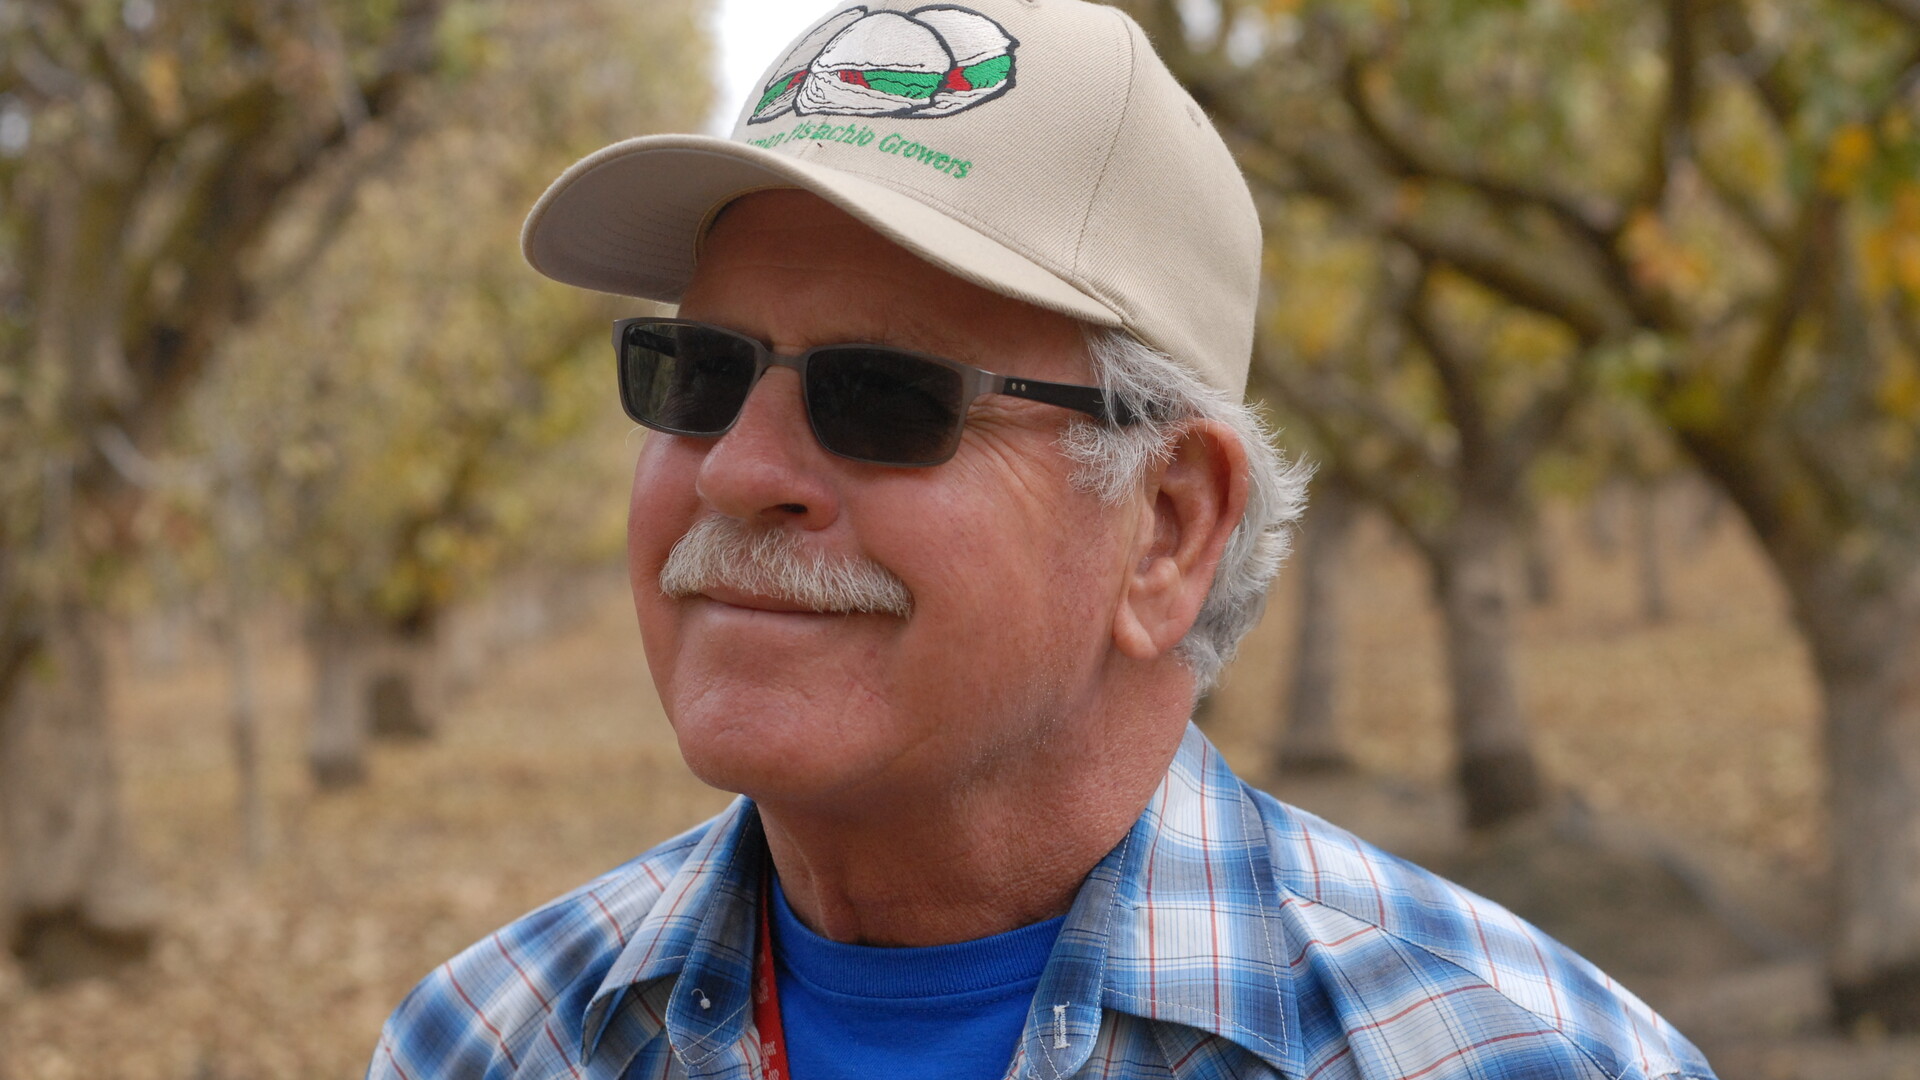 Controlling Soft Scale and Mealybugs in Pistachios
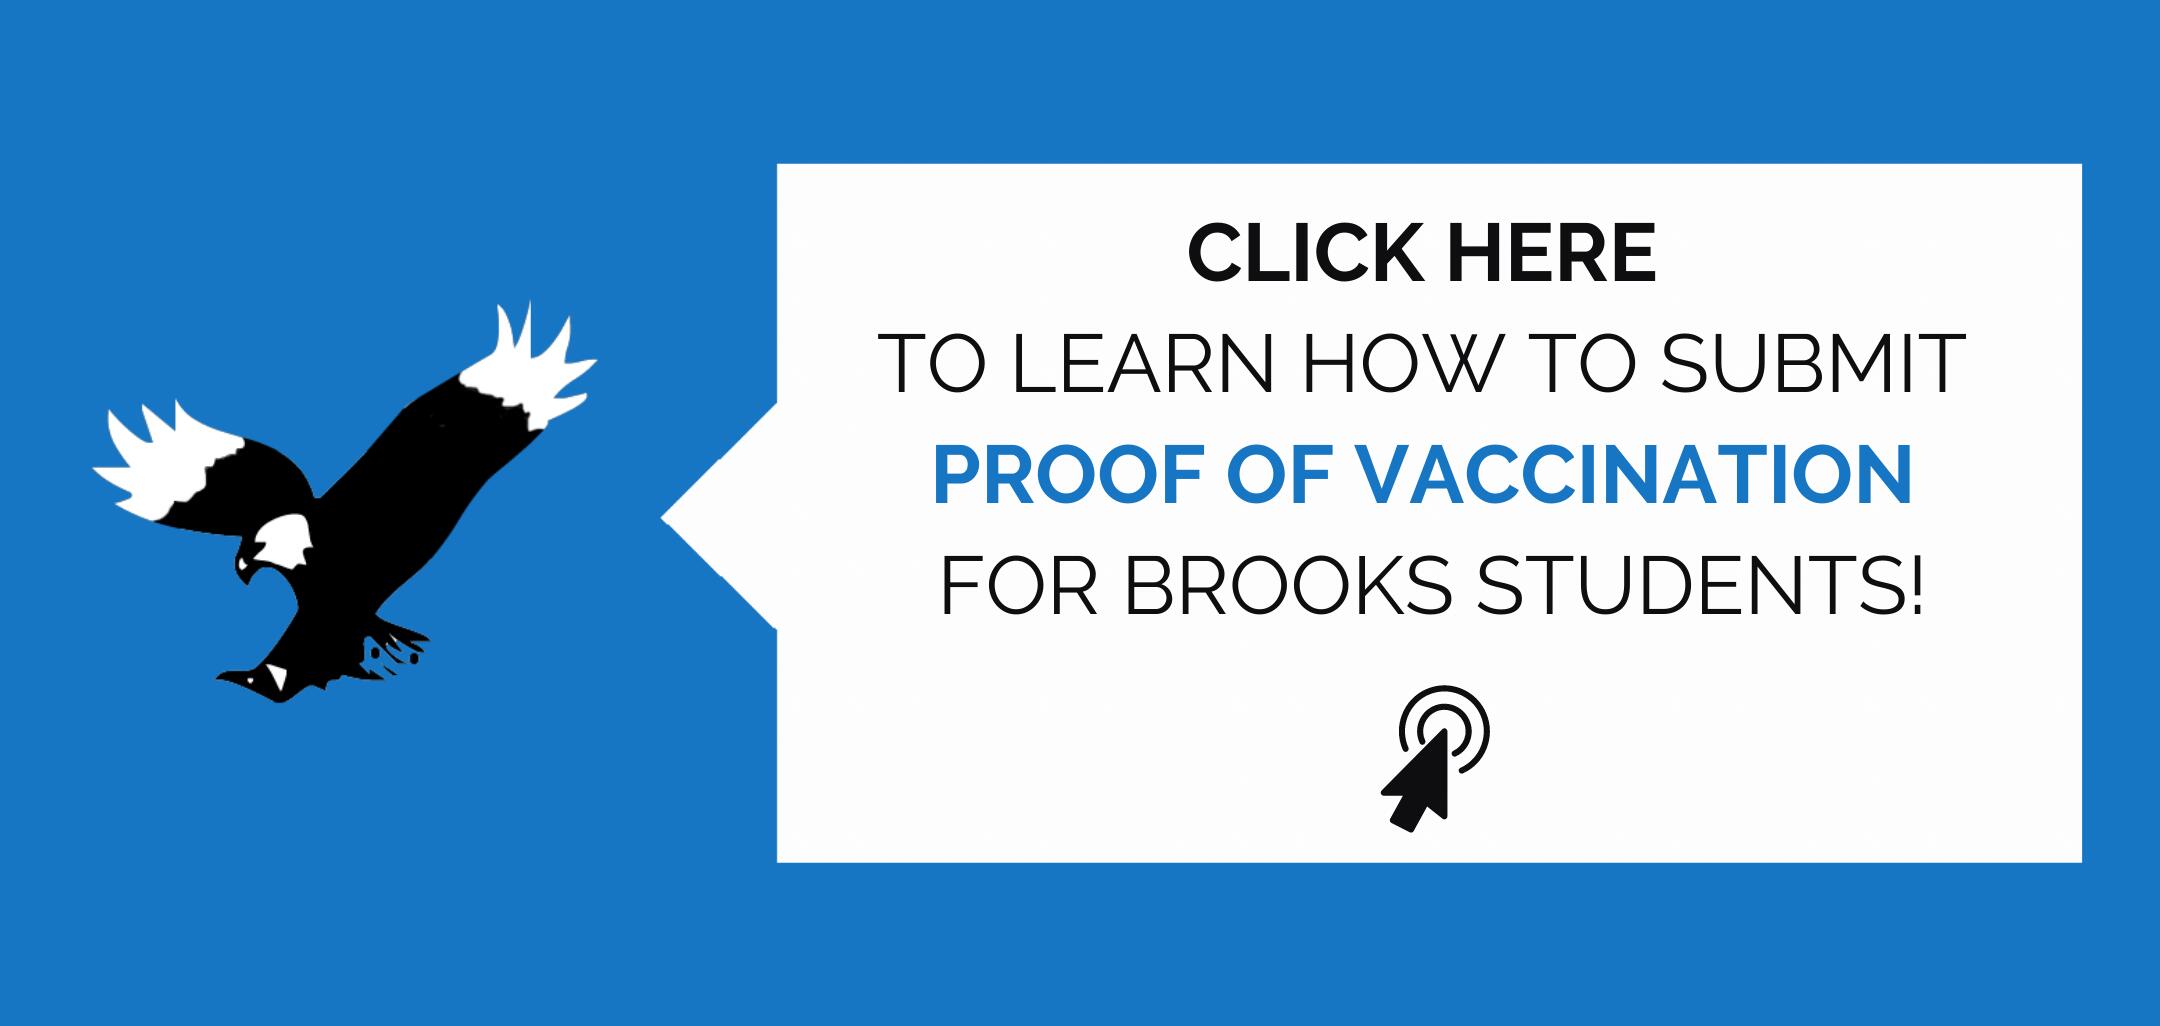 Click here to learn how to submit proof of vaccination for Brooks students
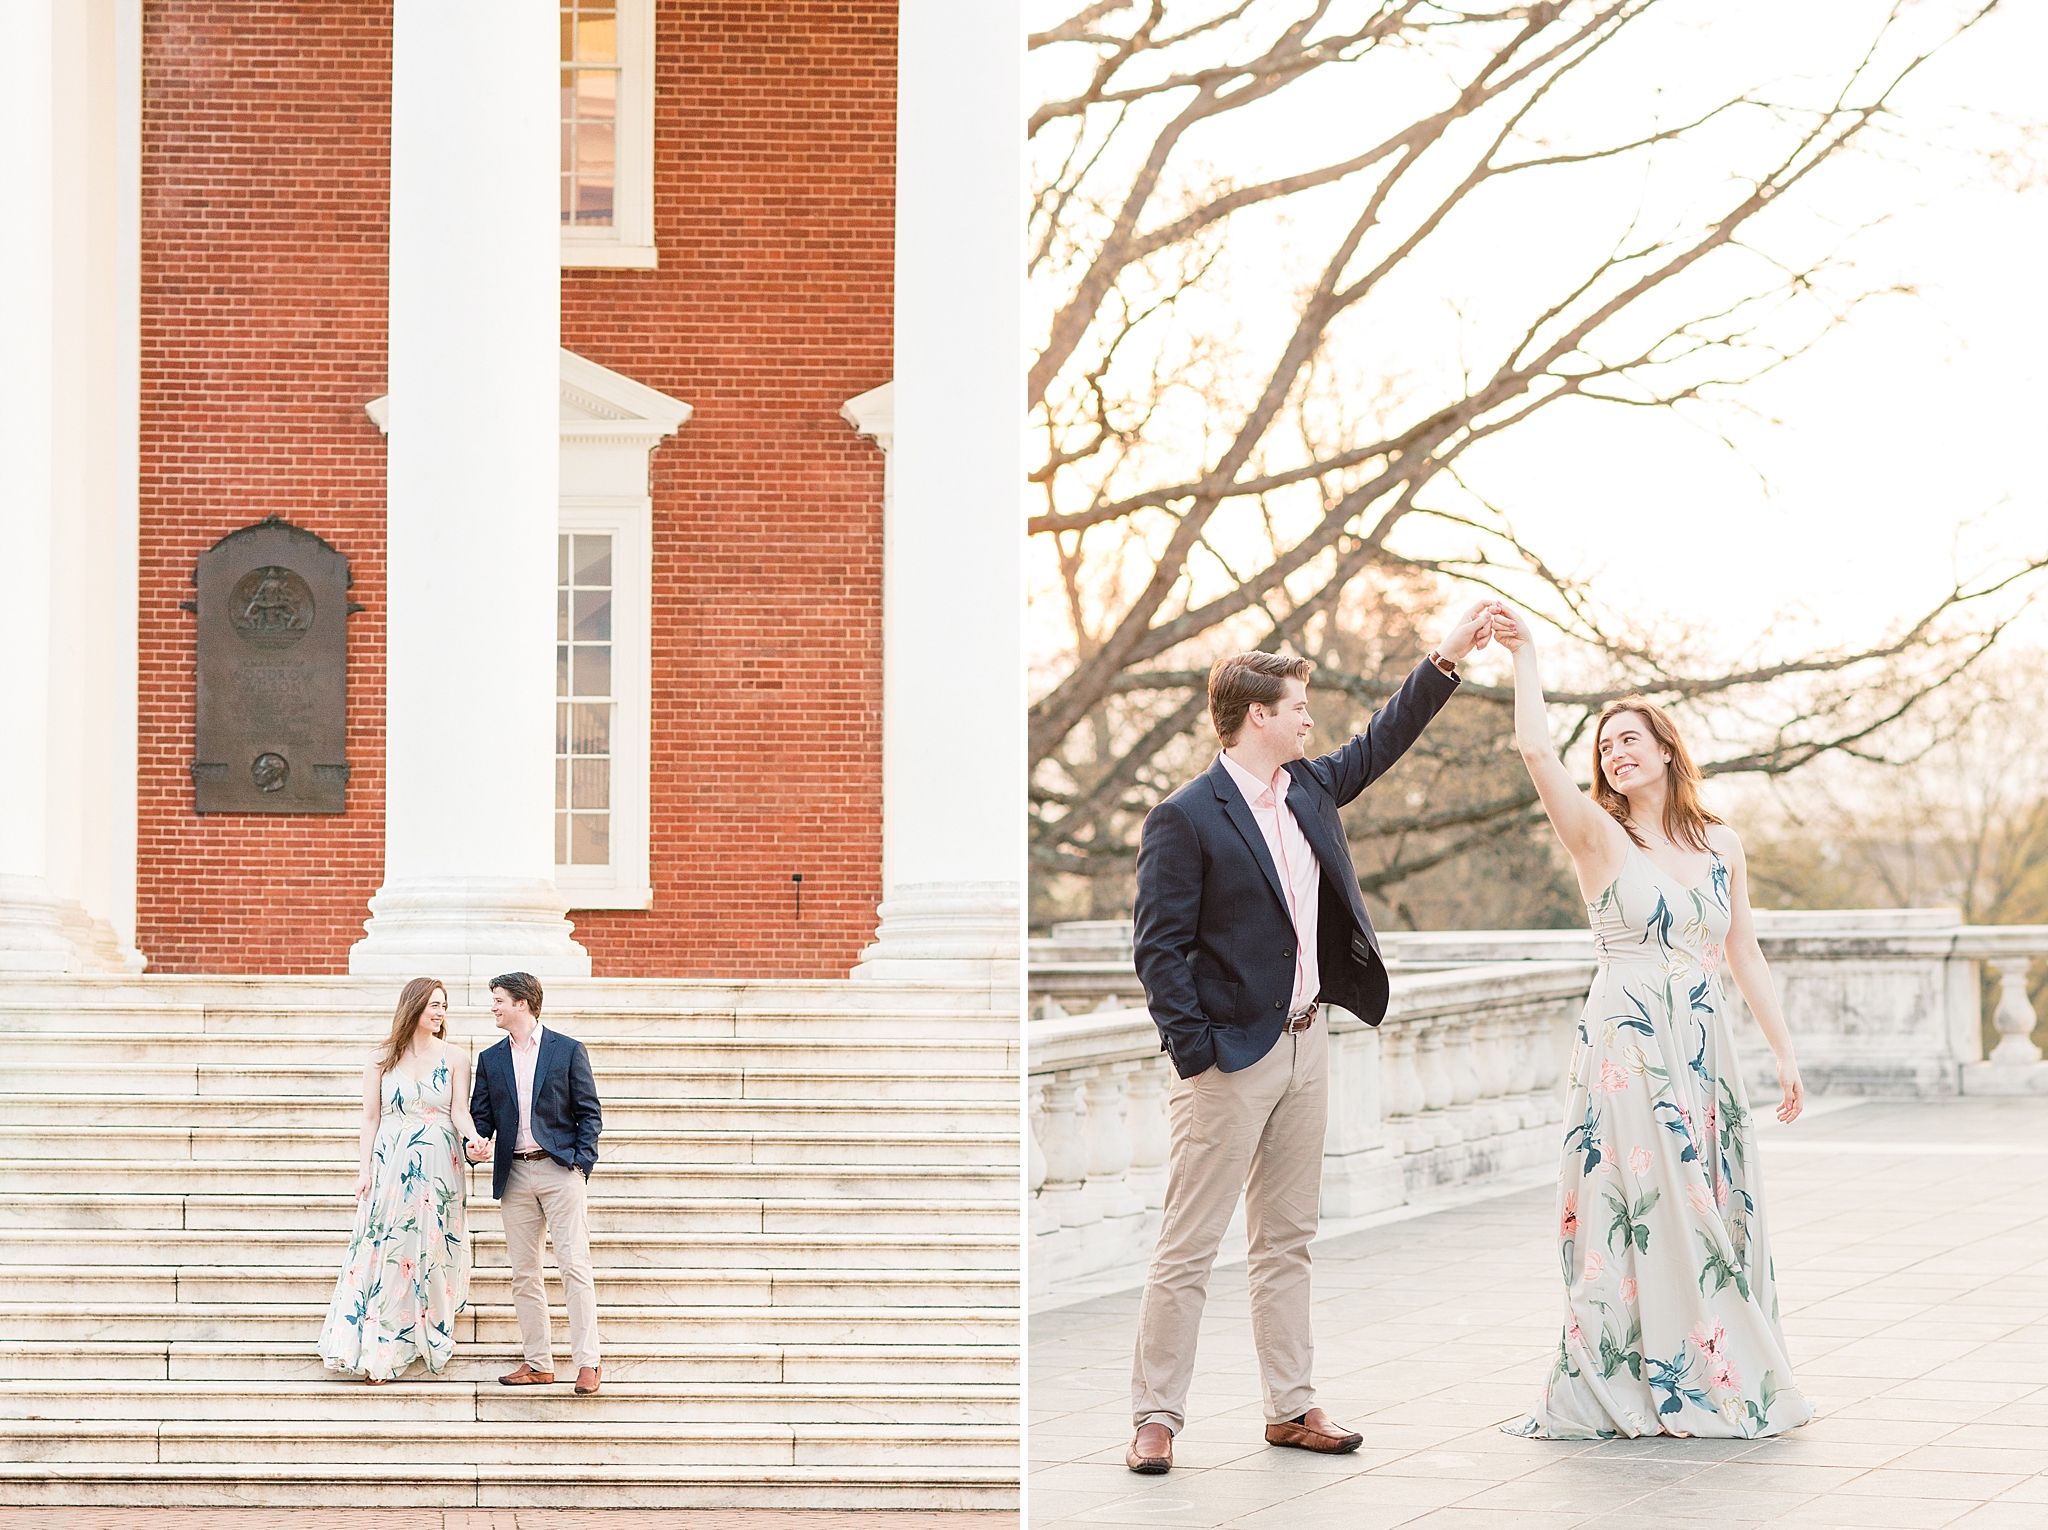 This fine art engagement session on the beautiful campus at the University of Virginia (UVA) includes the Rotunda, gardens, and other historic sites.

◆ WHAT THIS TASK INVOLVES ◆
Output all the material verbatim, skipping every image.

◆ TASK RESULT ◆
 Controlling Soft Scale and Mealybugs in Pistachios
 Click here to learn how to submit proof of vaccination for Brooks students
 This fine art engagement session on the beautiful campus at the University of Virginia (UVA) includes the Rotunda, gardens, and other historic sites.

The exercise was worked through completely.